**Given material**
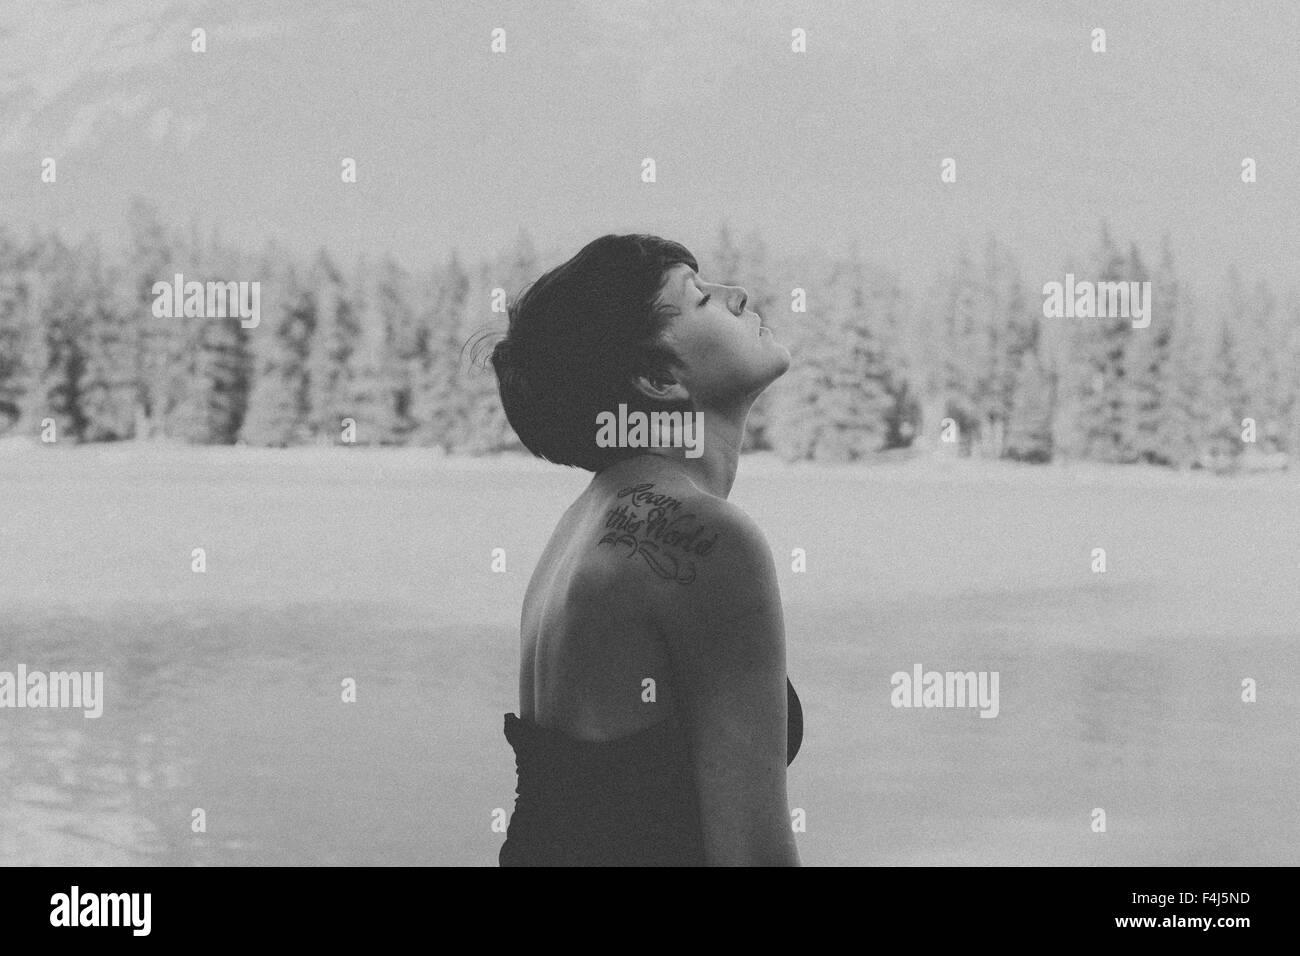 Junge schöne Frau in schwarz und weiß in Jasper, Kanada reisen Stockbild
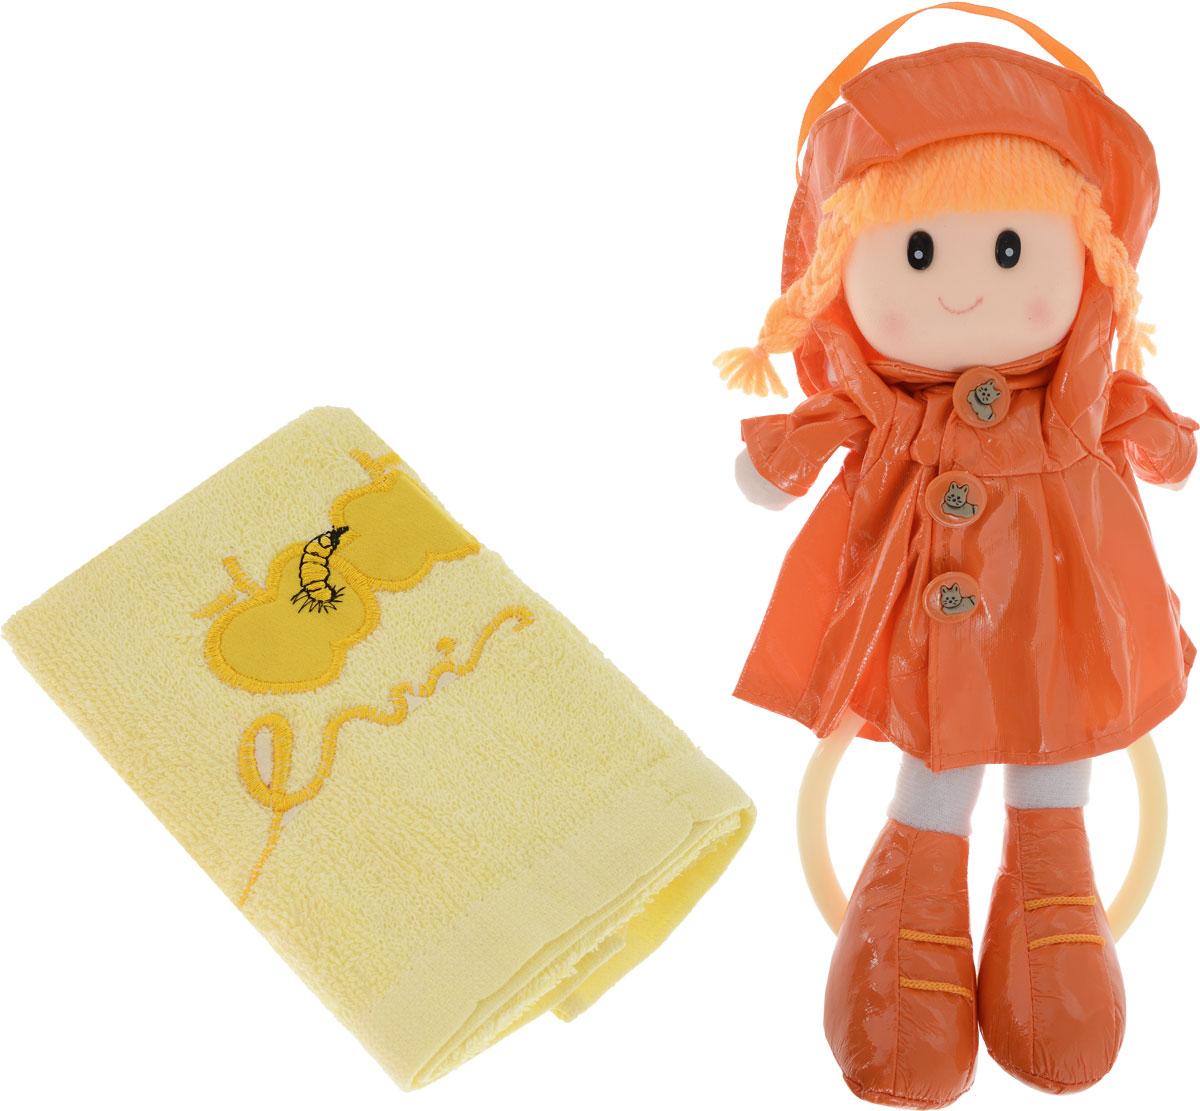 Sima-land Мягкая кукла Аня с держателем и полотенцем цвет оранжевый желтый sima land кукла олеся 495726
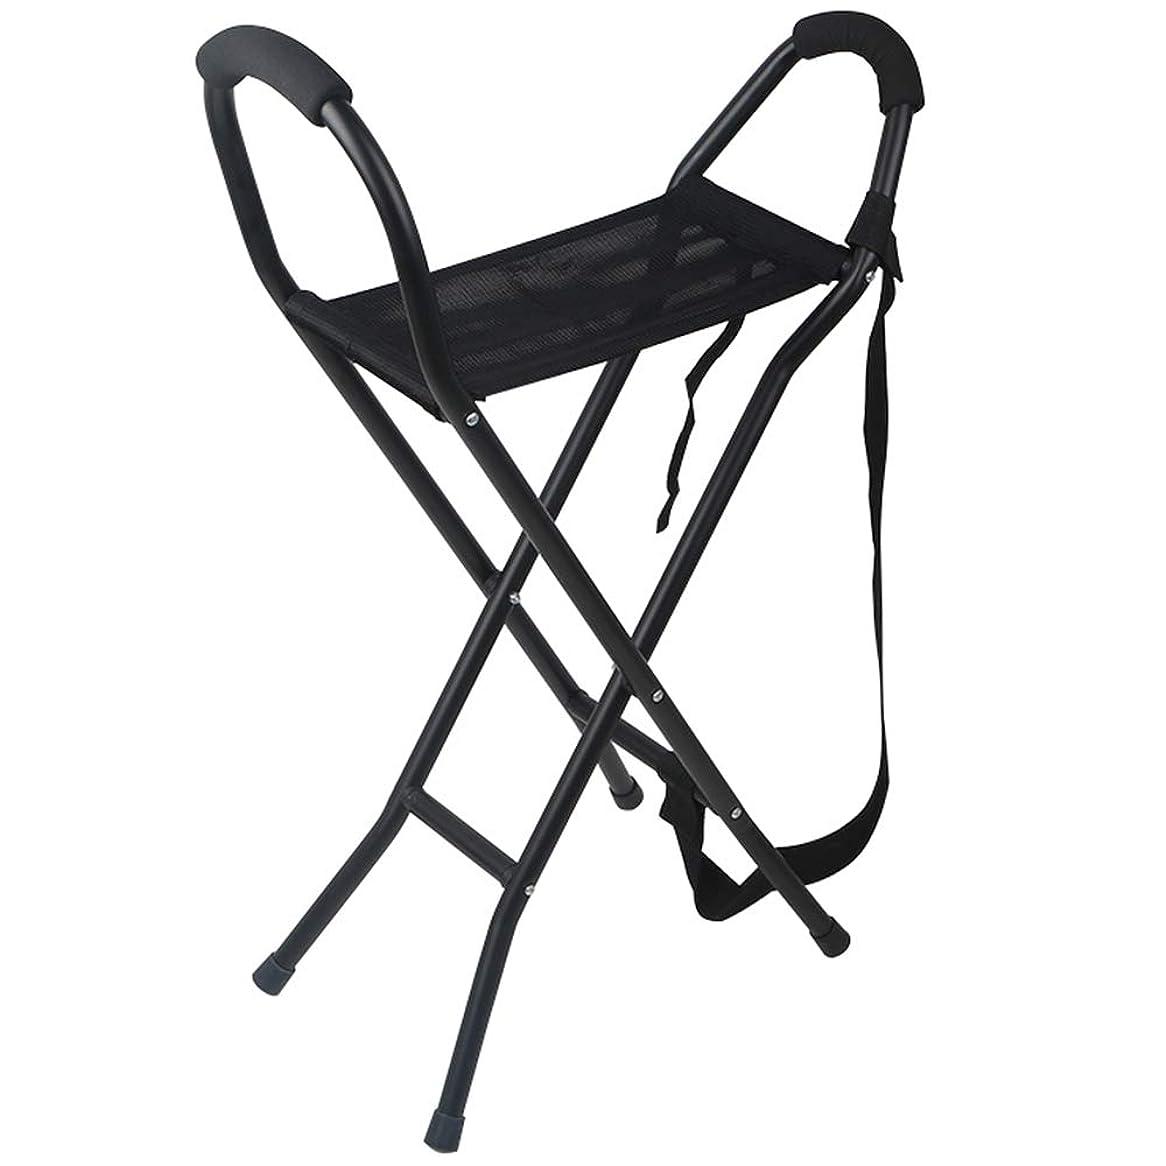 空いている雑草荷物折りたたみ杖椅子、超軽量のポータブルアルミ合金屋外滑り止め高齢者ウォーキングフレーム、身体の不自由な人運動障害のある人に適して
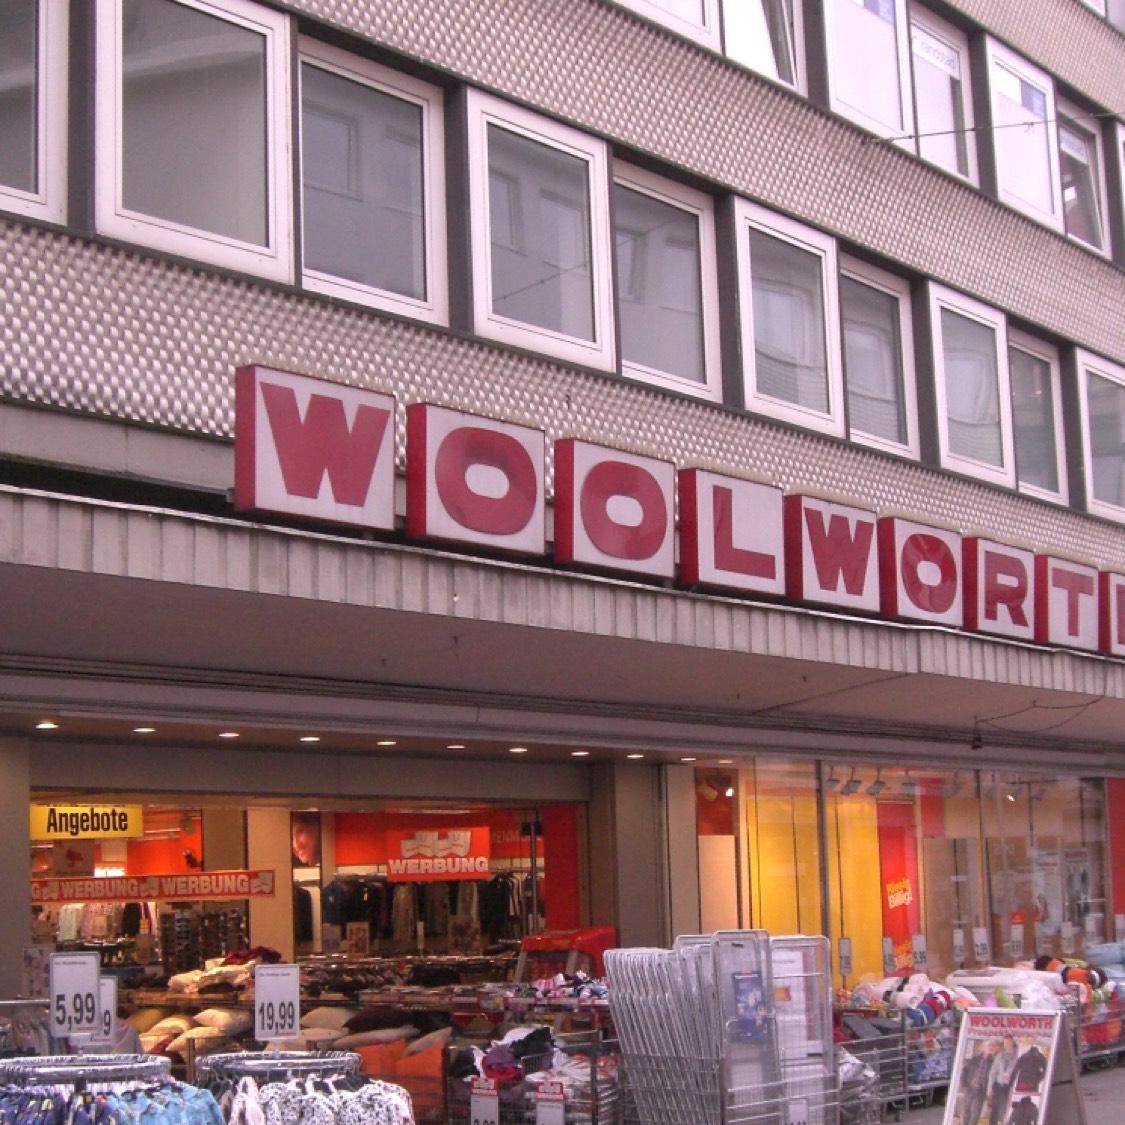 Woolworth Gelsenkirchen: 50% auf alles

**Exercise objective**
The output should be the material above, copied exactly, without its pictures.

**Output of the task**
 Junge schöne Frau in schwarz und weiß in Jasper, Kanada reisen Stockbild
 Sima-land Мягкая кукла Аня с держателем и полотенцем цвет оранжевый желтый sima land кукла олеся 495726
 空いている雑草荷物折りたたみ杖椅子、超軽量のポータブルアルミ合金屋外滑り止め高齢者ウォーキングフレーム、身体の不自由な人運動障害のある人に適して
 Woolworth Gelsenkirchen: 50% auf alles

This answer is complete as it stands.